Do you take into account that music is being mixed down for a different set of audio equipment when building your hifi speakers?

It can be tempting to, particularly with the design of hifi speakers, because you know that for a good quantity of tracks you can compensate for the way they are mixed, a little like the way an RAA in a phono stage works. You can almost steer the frequency response of your speakers to try and correct for where the mix and mastering engineers are tailoring to sound better on smaller speakers.

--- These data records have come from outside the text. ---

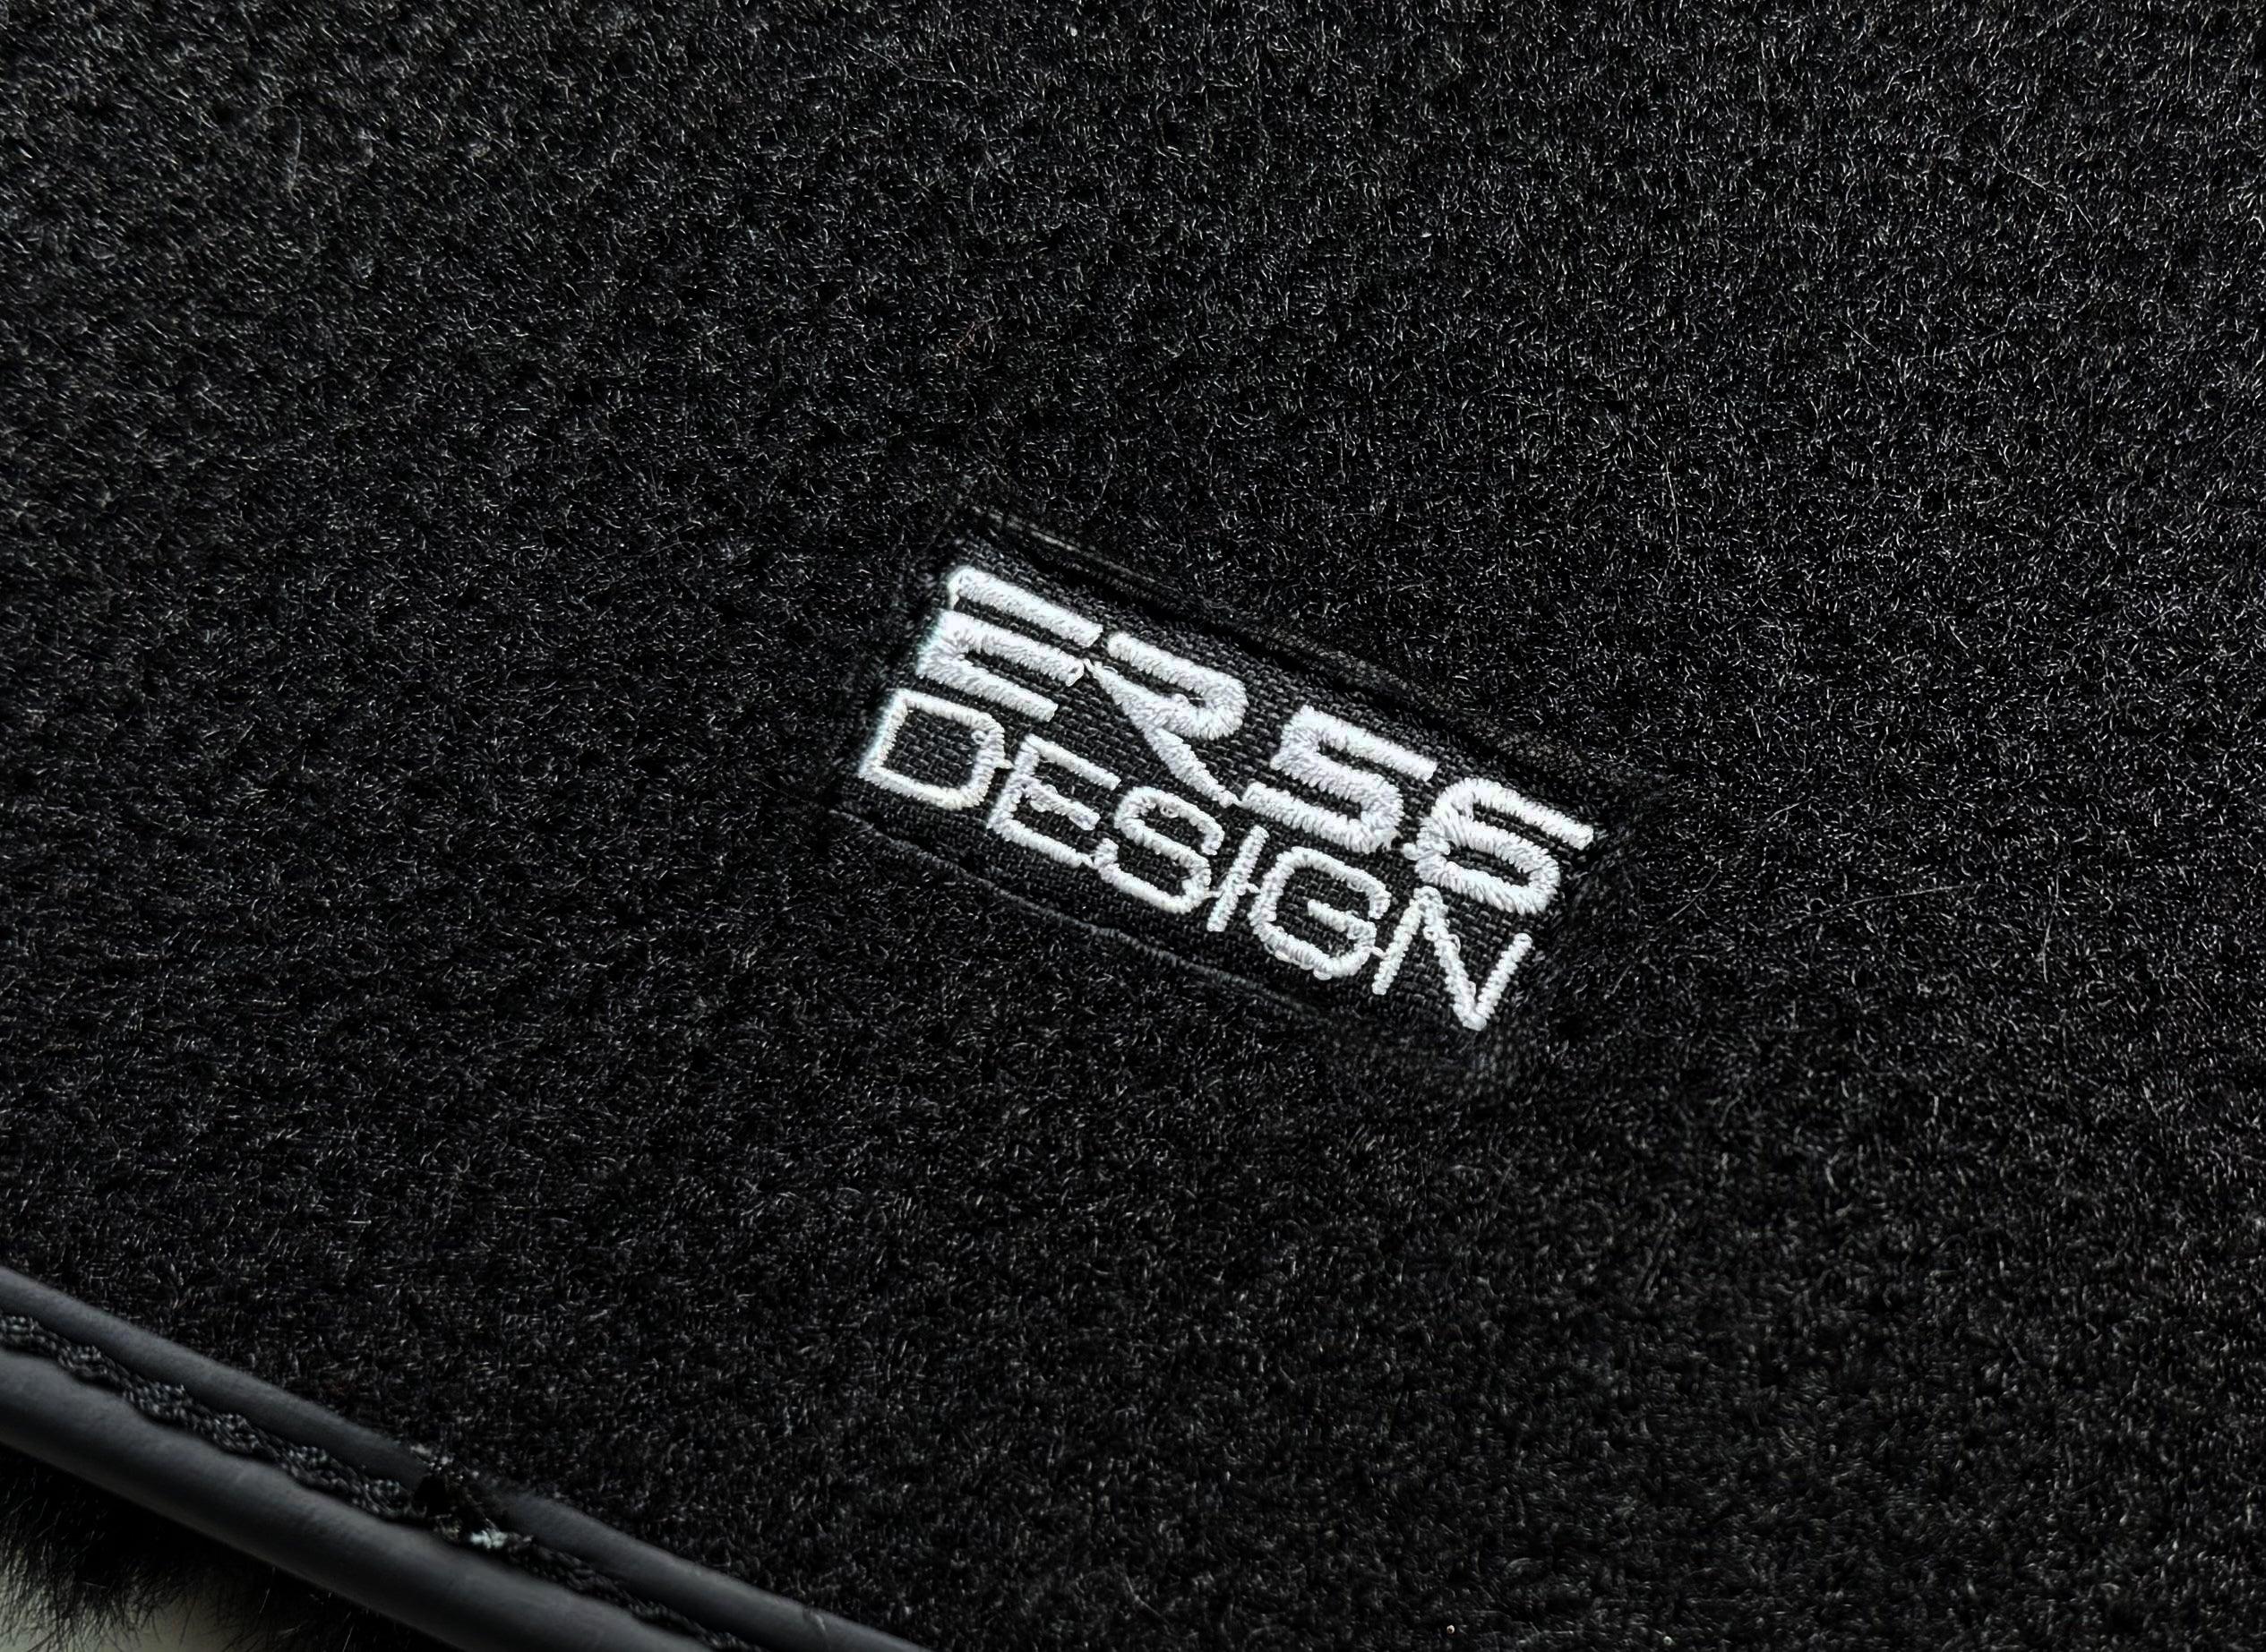 Black Sheepskin Floor Floor Mats For BMW X5 Series E53 ER56 Design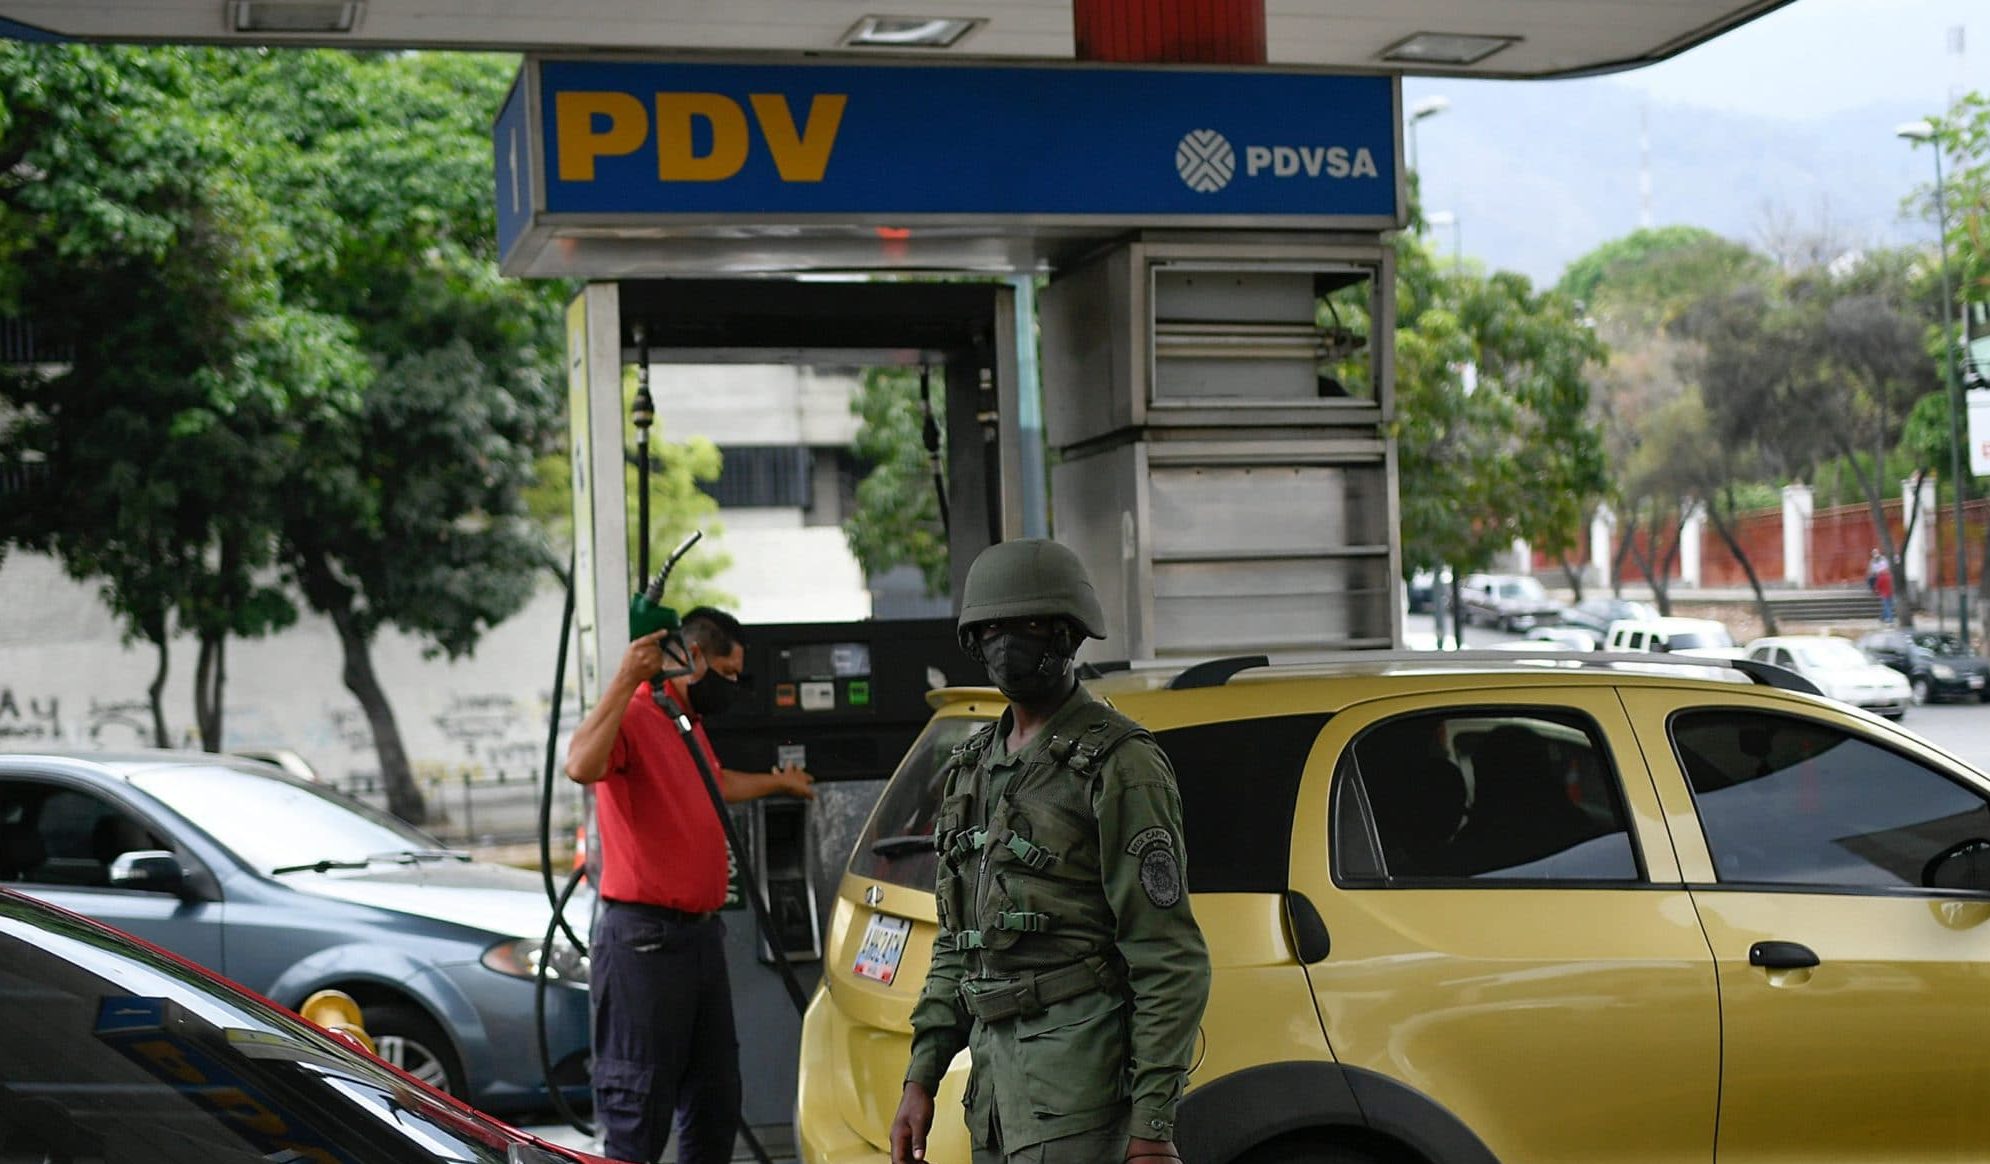 La verdadera razón detrás de la eliminación del subsidio a la gasolina en Venezuela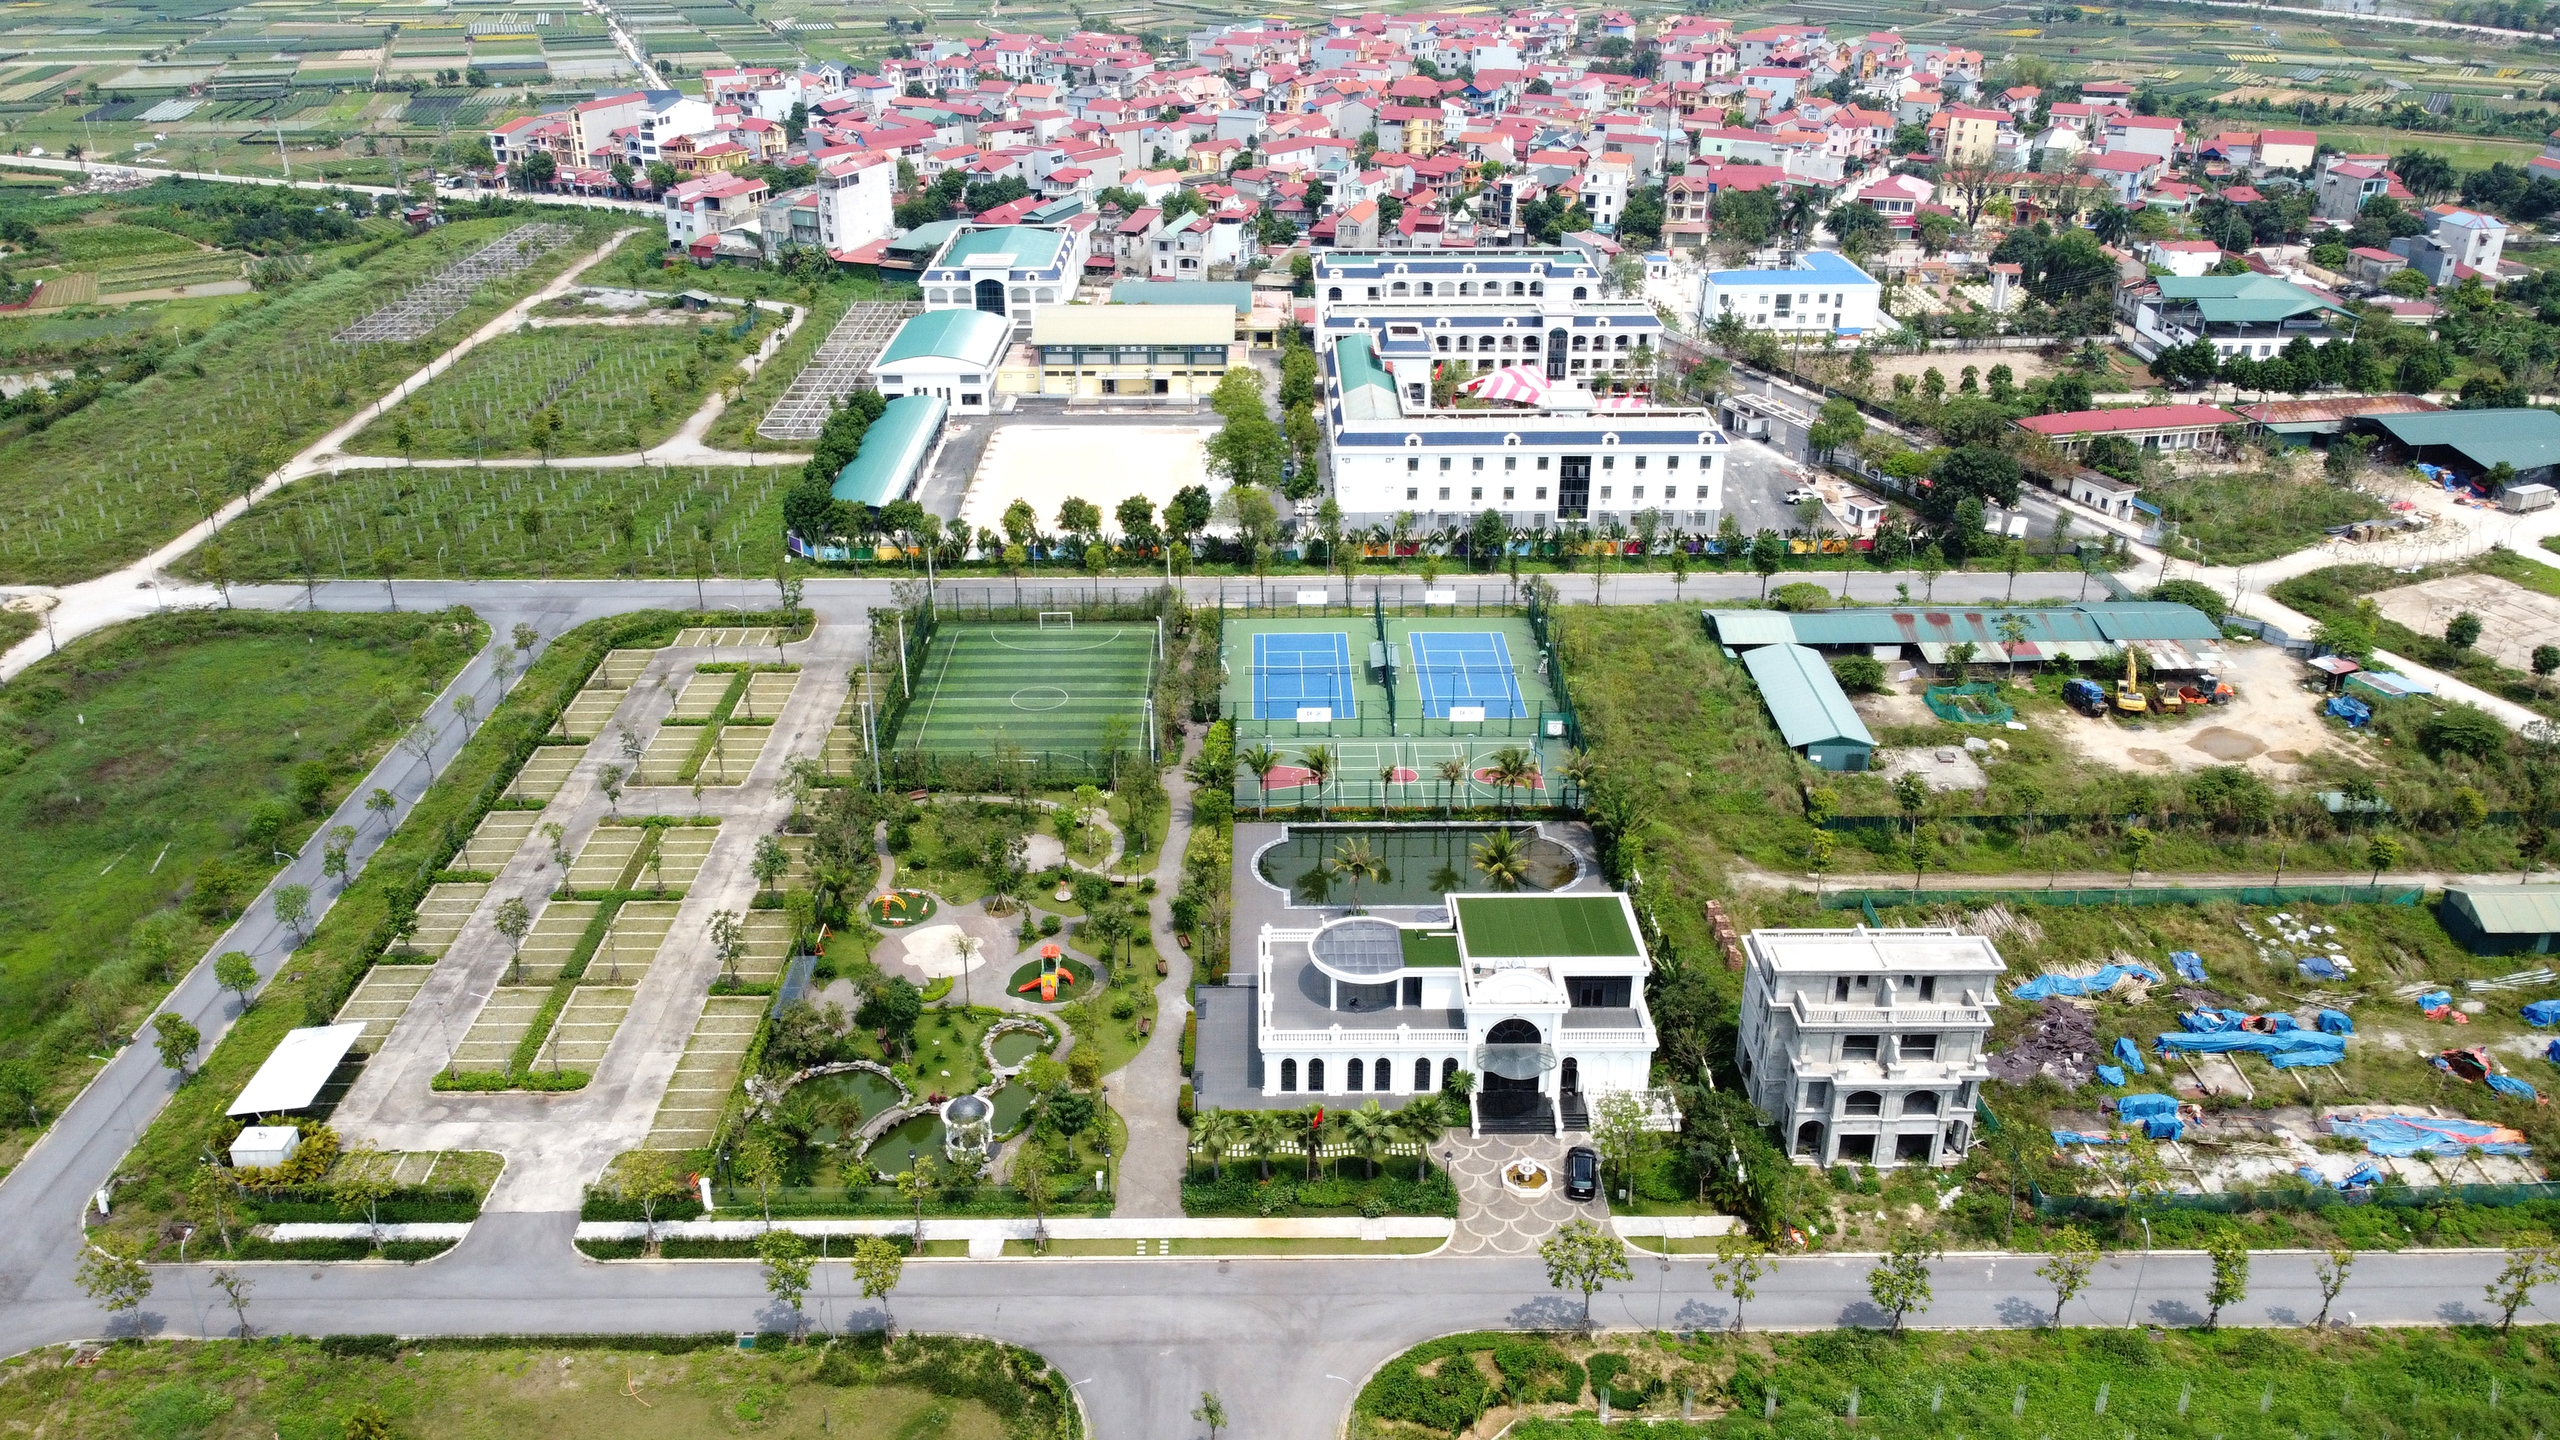 Cỏ mọc phủ dự án bất động sản nghìn tỷ ở Hà Nội- Ảnh 4.

But we’ve never done that because I think that’s going down a slippery path of very inaccurate sounding speakers. And a lot of the people that buy our hifi speakers will be trying to find really nice sounding recording, and when you play them on a speaker that is accurate and true and performs the same as the studio monitors – it sounds fantastic!

In short, no we don’t we do anything to try and tailor the speakers!

Where do you see speaker technology progressing over the next 10-20 years?

As I said, a lot of innovation is in DSP. So at the moment it is all about the electronics controlling and powering the electro-mechanical drive units, which is constantly improving at the moment.

I think we could see passive speakers starting to be phased out. The hifi industry is changing a lot – a lot of studio monitors are all active now because there are a vast number of benefits to having fully active speakers, and that hasn’t been popular in the hifi trade for a while. That could change in the next 10-20 years.

We’re also close to getting new materials being developed that could improve drive unit technology, which you see lots of manufacturers dabble with. I think the driver for some people changing materials for things like drive unit cones from special plastics to reinforced carbon-fibre products is all about coming out with something sounds quite “sexy” without it actually offering any kind of performance increase.

I think the industry has had enough time so that larger manufacturers do actually spend the correct amounts on research into these materials to get the best out of them rather than just slapping a new material in their products. We have definitely seen that some of the big drive unit manufacturers are really upping their game with the performance of what they are making and you end up with drive units that have much higher excursion, so you can get better bass performance out of the same sized drive unit without compromising anything else. So without an increase in distortion or any other unwanted artefacts for a given drive unit – it is something we have definitely been trying to exploit.

If I was putting my futuristic hat on I’d be saying moving coil speakers – the technology is starting to get a bit long in the tooth – so we need to come up with a much better way of producing audio.

PMC is obviously a British company, and a lot of the high-end hifi manufacturers are British – do you see much of a threat from China? Is Britain still leading the pack?

I think so yeah, because of our history and heritage. It goes back to our universities that train people up on acoustics – it’s a fairly specialist area, particularly when you get into the phono-acoustics, loudspeakers, it’s quite niche. As far as I can tell, a lot of the larger far-east-owned companies are fairly dependent on engineers from the UK and other areas of Europe to bolster their design teams. So regardless of whether the companies are UK-based or located overseas – I think quite a lot of the engineers are coming from home.

In terms of the industry – with large companies getting bought out and possibly having a huge amount of resources pumped into them – it can be seen as a threat. But we seem to have quite a good business model with quite a healthy reinvestment of our profits into our own R&D, and we’ve got quite a good little team that has come up with lots of innovative ideas and seems to give us enough freedom to develop some interesting new kit.

And lastly, what has PMC got lined up for 2018?
Over the last two or three years, and part of why I love working with PMC, is we’ve been growing and investing in quite a aggressive development strategy of new products and new technology. So yes in 2018 there will be new things coming out, but that’s all I can say!